Lavagna: Stefani risponde a Di Martino

Da Guido Stefani dell’Officina Lavagnese, riceviamo e pubblichiamo.

Carissimo Architetto Di Martino,

ho letto con molta attenzione il “Comunicato stampa sul panorama politico lavagnese” del Movimento Cinque Stelle di Lavagna e mi permetto, con molta umiltà e sincerità, di fare alcune osservazioni.

Credo, e lo ho già ribadito in molte occasioni, che Lavagna, come anche la nostra bella Italia, abbia soprattutto bisogno di ricostruire un tessuto civico che è venuto a mancare in questi ultimi cinque anni, ma che forse ha cominciato a logorarsi già da molto tempo. Intendo dire una rete di rapporti tra i cittadini basati non sul contrasto, le incomprensioni, la sfiducia, il “mugugno” e il facile qualunquismo, ma sulla partecipazione, l’ascolto, il rispetto reciproco, la ricerca del positivo presente in ciascuno di noi. E’ questo il “nuovo” di cui abbiamo bisogno: costruire insieme dei ponti non erigere dei muri che impediscono di comunicare. Se la ricerca del nuovo fosse soltanto la cancellazione e il ripudio del passato tutto sarebbe molto più facile. Basterebbe presentare ad ogni nuova elezione persone sempre nuove, mai viste prima e avremmo in tal modo garantito la novità! In realtà non è così; purtroppo, o per fortuna, il nuovo si costruisce con la fatica, il lavoro costante e le idee; su queste cose bisogna confrontarsi non sulle facce!
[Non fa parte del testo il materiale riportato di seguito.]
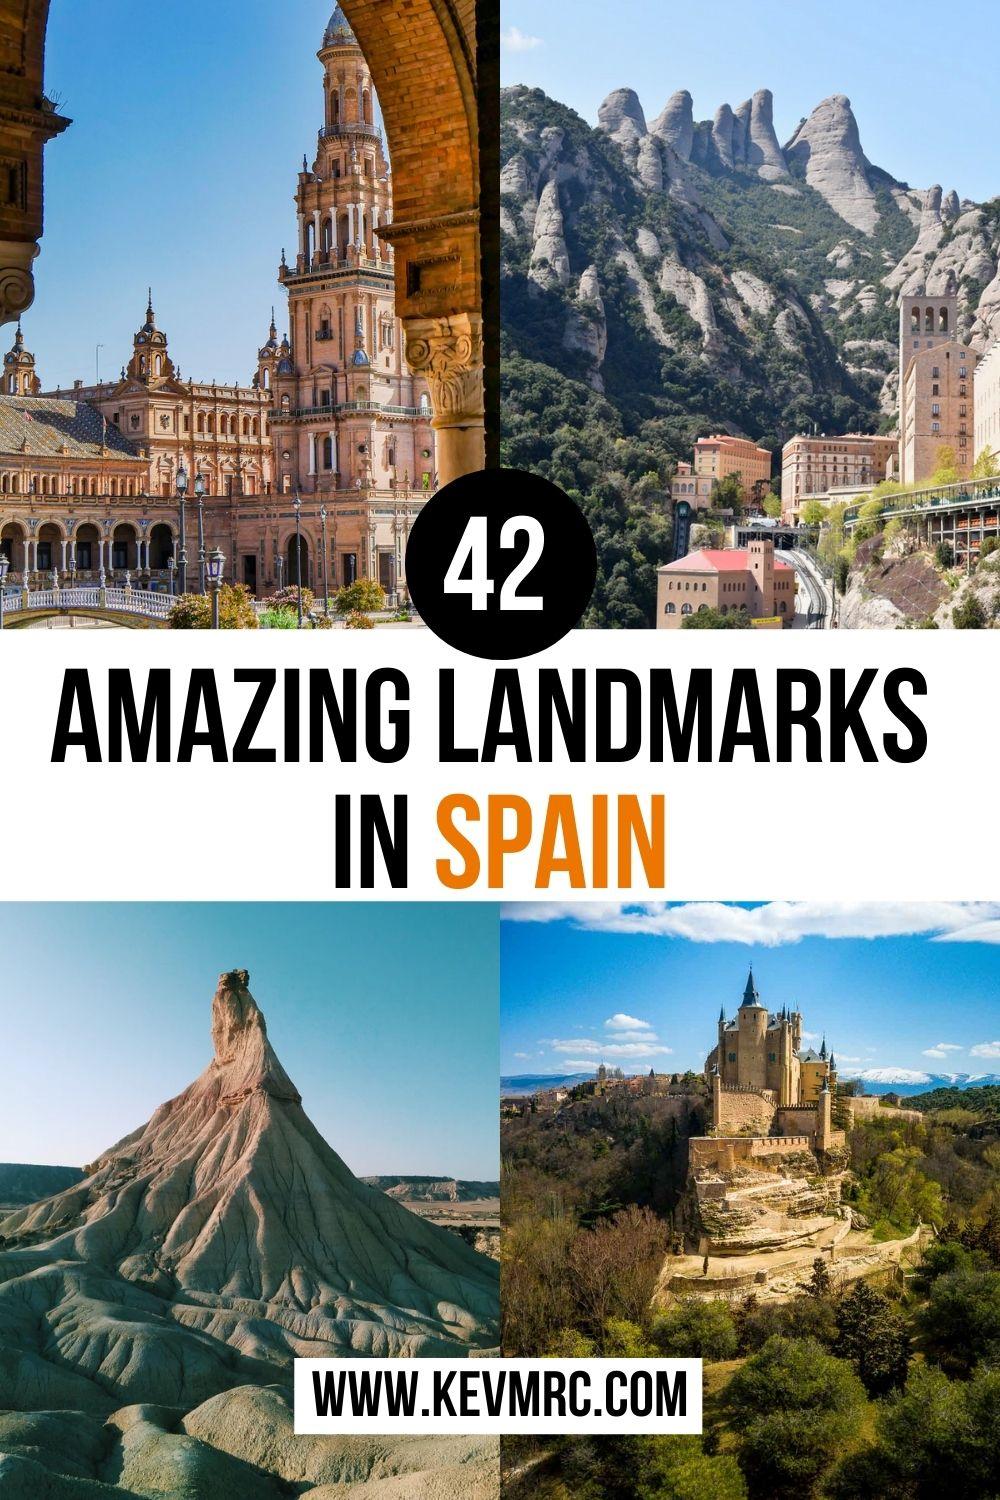 Click to discover the 42 most famous landmarks in Spain! spain travel places to visit | famous buildings in spain | spain landmarks and attractions | spain landmarks list | bucket list things to do in spain

Per quanto riguarda la mia persona non disconosco nulla del mio passato e proprio per questo ho deciso di mettermi in gioco, assieme a tutti coloro che intendono costruire e non distruggere, con molta umiltà e spirito di servizio.
Per quanto riguarda i “numeri”, che peraltro non compaiono nel comunicato del vostro Movimento, abbiamo già espresso nel dettaglio le nostre considerazioni, ma siamo tuttavia sempre disponibili ad un confronto costruttivo.
Spero che queste mie povere considerazioni possano contribuire a creare un clima disteso, sereno e rispettoso in una campagna elettorale che temo possa peggiorare la situazione della nostra città.